В Вашем письме есть слово, написанное одной буквой, а <я> не пишу ни одной, — Вы и так понимаете и видите.

Иногда я бываю у Ваших окон, смотрю, как кто-нибудь выходит из дверей дома. Двери так же блестят тогда, как прежде, — и это тоже очень больно, но что же делать? Ваши письма с первого до последнего я храню, как святыню. Пришлите Вашу теперешнюю карточку, прошу Вас. Лепестки роз в письмо вкладывать было жестоко, по меньшей мере. Будете Вы еще писать мне? Прошу Вас теперь писать прямо на мой адрес, Вы должны знать, что никто, кроме меня, писем читать не будет, а перечитывать их, думать, вспоминать, тосковать и… целовать эти благоуханные письма тоже буду один я…

Одним словом, все это и глупо, и молодо, и нужно бросить в печку, но ничего другого я писать не хочу и нисколько от всего, что написано, не отрекаюсь.
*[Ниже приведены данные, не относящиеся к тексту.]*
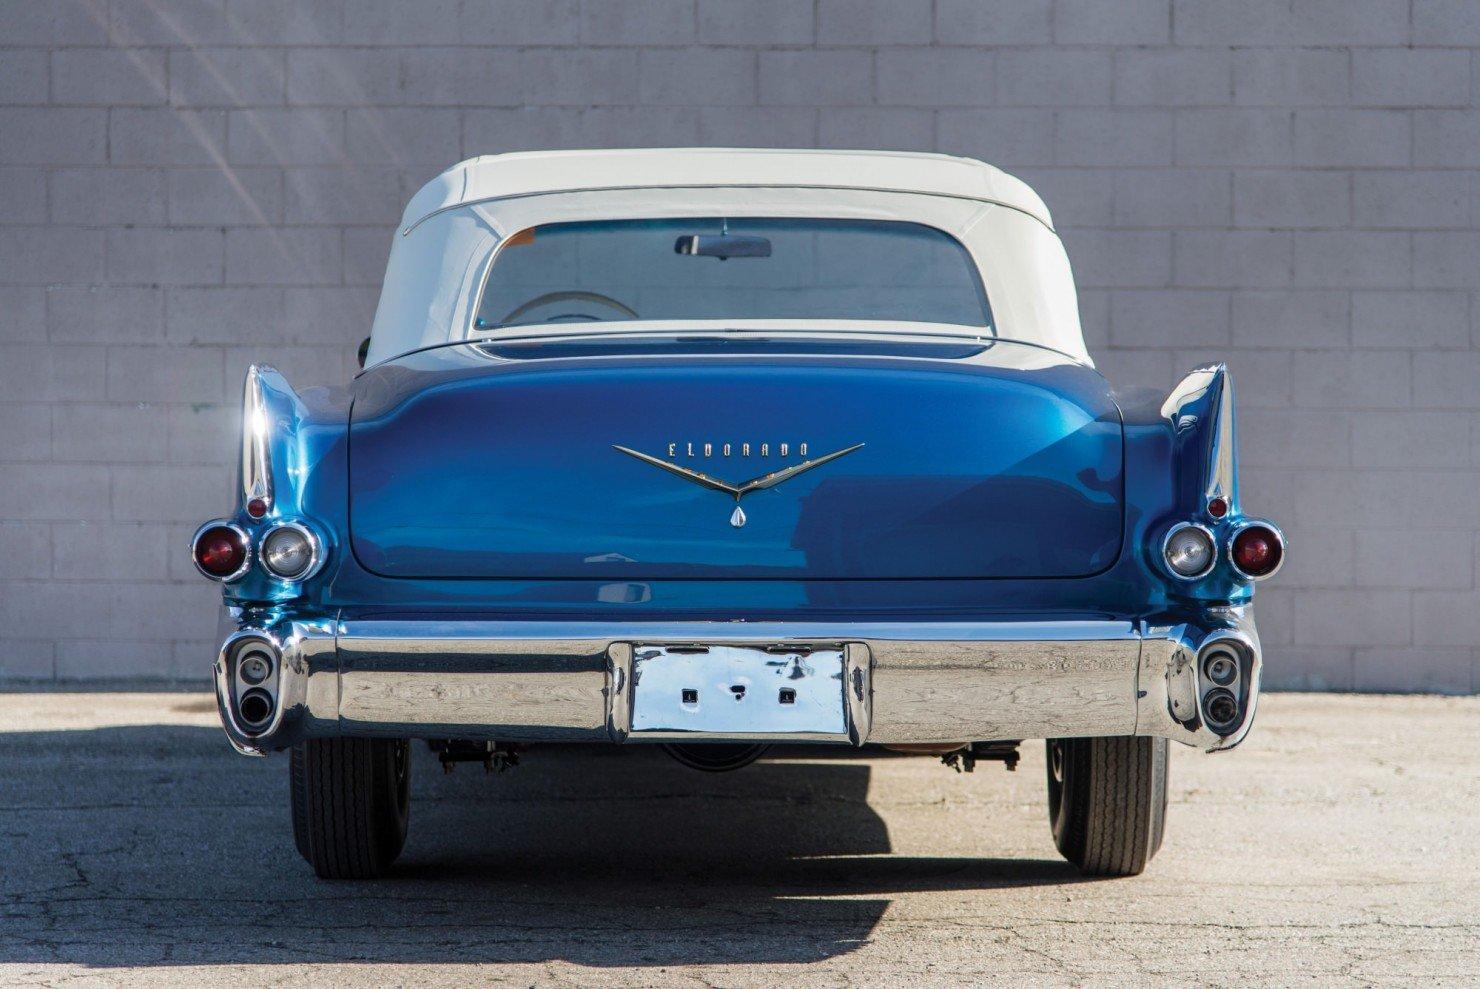 Cadillac-Eldorado-Car-21

Если бы Вы знали, как нервы раздерганы, и тоска какая здесь, и как все скверно и грустно, и хочется обнять Ваши колени и «зарыдать у Ваших ног»… Смейтесь, а мне вовсе не смешно.
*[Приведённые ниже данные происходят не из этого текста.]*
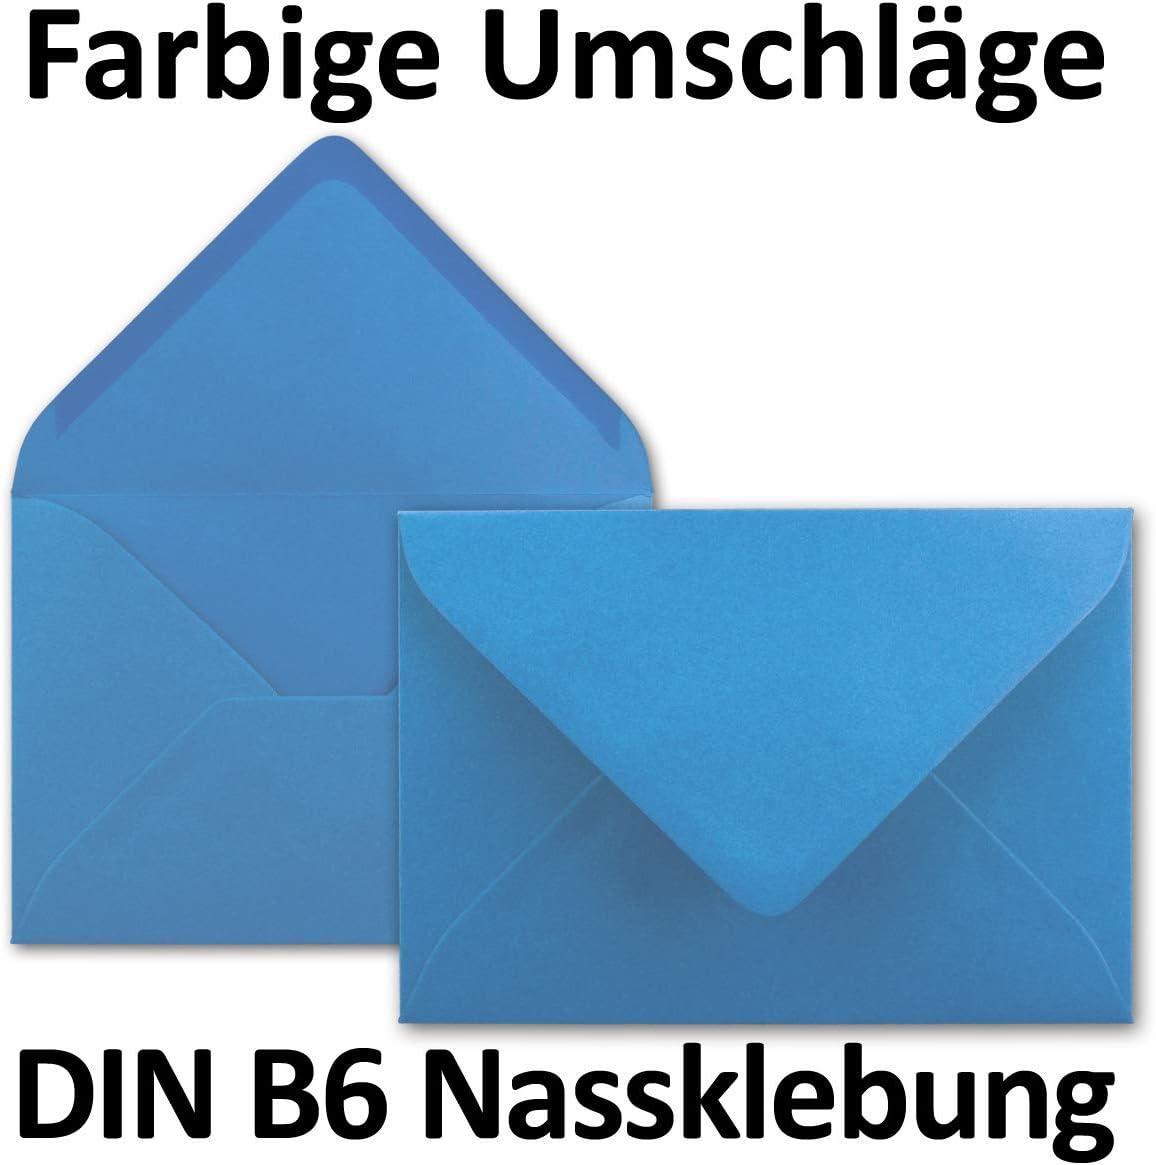 chiusura adesiva da inumidire 25 Umschl/äge Flieder dimensioni/175 x 125/mm formato B6 Neuser Buste da lettere da 80 g//m/² in colori vivaci

Вы напишете ответ и пришлете карточку?

Напишете на карточке хоть одно слово? Все равно что, — я буду только видеть Ваш почерк, и слышать знакомый голос, и думать, думать, думать…

Может быть, моя карточка напомнит Вам лучшее время?

5. Отцу. 1 декабря 1900. Петербург

Милый папа!

Благодарю Вас за переданные мне дядей Петей 250 рублей, которые я получил вчера, потому что несколько дней не собрался прийти за ними.

Что касается моих занятий, то они идут по-прежнему, т. е. так же, как и в прошлом году, с той разницей, что университетские успешнее. Я уже успел прочесть курс истории русского права, начал Коркуновский курс государственного права пишу взамен практических занятий реферат, т. е. конспект книги Петровского «О сенате в царствование Петра». Остается еще довольно много дела, так что занимаюсь более или менее правильно, насколько позволяет мне это петербургская жизнь, сопряженная всегда со многими удовольствиями, из которых особенно меня привлекает декламация; декламировать приходится довольно много у разных знакомых, может быть, удастся также играть со временем, что мне также очень желательно, потому что я давно не играл. Философские занятия, по преимуществу Платон, подвигаются не очень быстро. Все еще я читаю и перечитываю первый том его творений в соловьевском перевода — Сократические диалоги, причем прихожу часто в скверное настроение, потому что все это (и многое другое, касающееся самой жизни во всех ее проявлениях) представляется очень туманным и неясным. Иногда совершенно наоборот (реже, конечно), и это главным образом после известного периода целесообразных занятий, когда все приходит в некоторую логическую систему. Читаю посторонних книг вообще мало, но вообще стараюсь занимать свое время всегда так, чтобы не быть вполне праздным, не знаю, в какой степени это удается. Не могу сказать, чтобы все давалось без труда, многие мои прохождения с ним связаны, хотя и не всегда в прямом и точном смысле. В Университет я уже не хожу почти никогда, что кажется мне правильным на том основании, что я второй год на втором курсе, а кроме того, и слушание лекций для меня бесполезно, вероятно вследствие, между прочим, моей дурной памяти на вещи этого рода. Стихов пишу немного и нерационально, потому что не имею в виду их печатания. Вот все мои занятия на поприще ума и темперамента, к ним можно прибавить общую петербургскую жизнь с постоянной суетой. Летом можно больше углубляться в самого себя и числить. Целую Вас, папа, до свиданья.

Ваш Сатура.

6. Отцу. 2 июня 1901. Петербург

Милый папа!

Не сразу отвечаю Вам на письмо, в чем очень извиняюсь. Это происходит оттого, что я приготовлялся к экзамену истории русского права, а собраться с мыслями в такое беспокойное время очень трудно. Сегодня наконец я выдержал этот экзамен (получил у Латкина 3) — предпоследний; остается еще одна статистика, которая, однако, задержит нас с мамой в городе еще за 22 мая.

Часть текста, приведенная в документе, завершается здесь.